You can control cookies through your browser settings. Disabling essential cookies may affect the functionality of our services.
11. Children's Privacy
AMBA is not intended for use by children under the age of 13 without parental consent. We do not knowingly collect personal data from children under 13. If you are a parent or guardian and believe your child has provided us with personal data without your consent, please contact us immediately.
For users aged 13–17, we recommend that a parent or guardian reviews this privacy policy and helps the minor understand how their data will be used.
12. Changes to This Policy
We may update this Privacy Policy from time to time to reflect changes in our practices, legal requirements, or service improvements.
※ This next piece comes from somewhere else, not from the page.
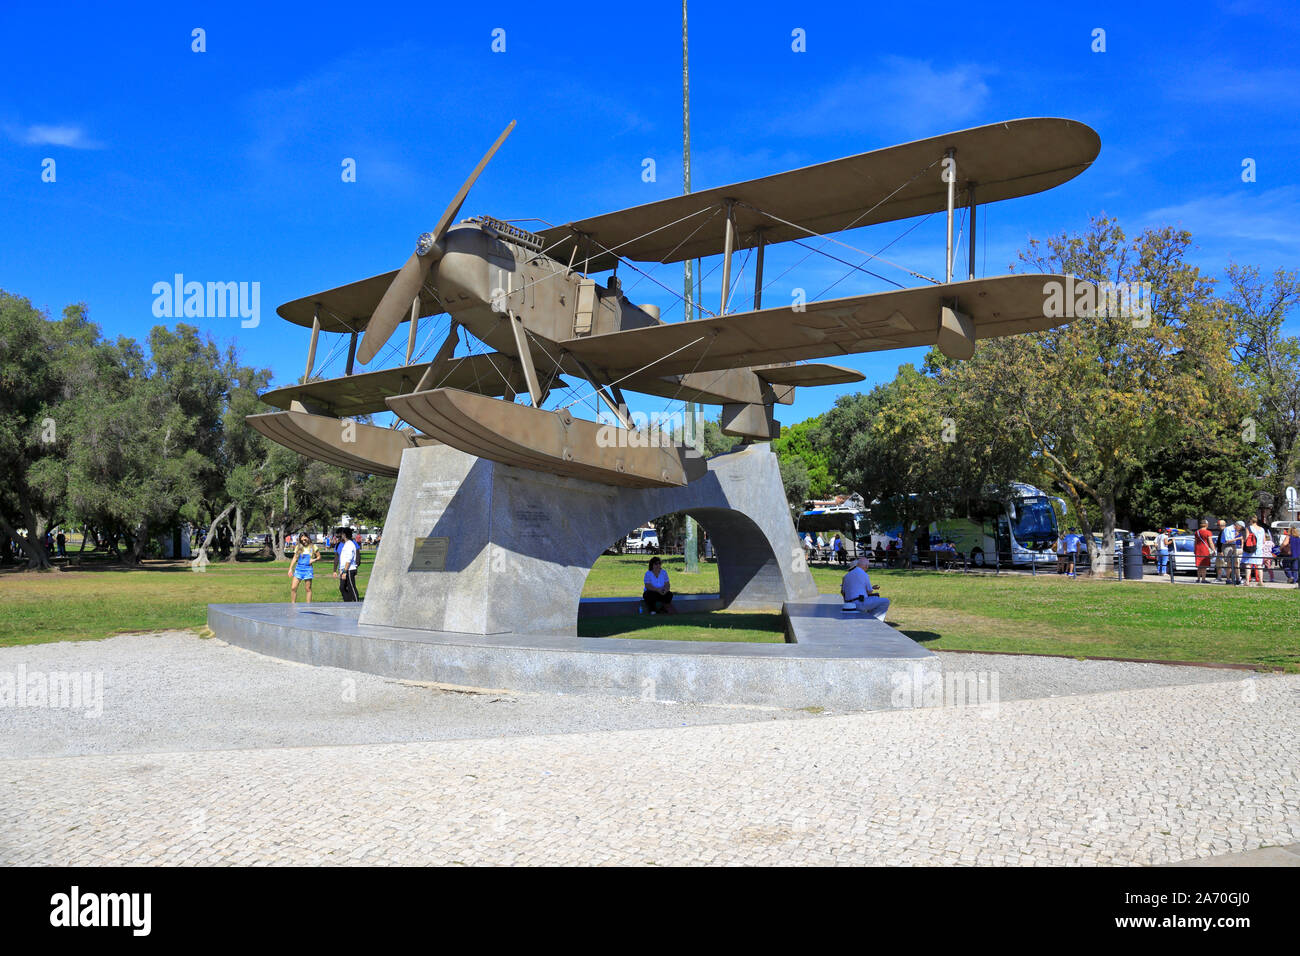 Monument à Sacadura Cabral et Gago Coutinho, première traversée de l'Atlantique sud, Monument Gago Coutinho e Sacadura Cabral, Belém, Lisbonne, Portugal. Banque D'Images

When we make material changes, we will:
- Update the "Last updated" date at the top of this policy.
- Notify you via email or through the app if the changes are significant.
- Post a prominent notice on our website.
We encourage you to review this policy periodically to stay informed about how we protect your data. Your continued use of AMBA after any changes constitutes acceptance of the updated policy.
13. Contact Us
If you have any questions about this Privacy Policy, want to exercise your data rights, or have concerns about how we handle your data, please contact us:
Data Protection Officer
AmBa Technology Solutions Limited
You also have the right to make a complaint to the Nigeria Data Protection Commission (NDPC) or your local data protection authority if you believe we have not adequately addressed your concerns.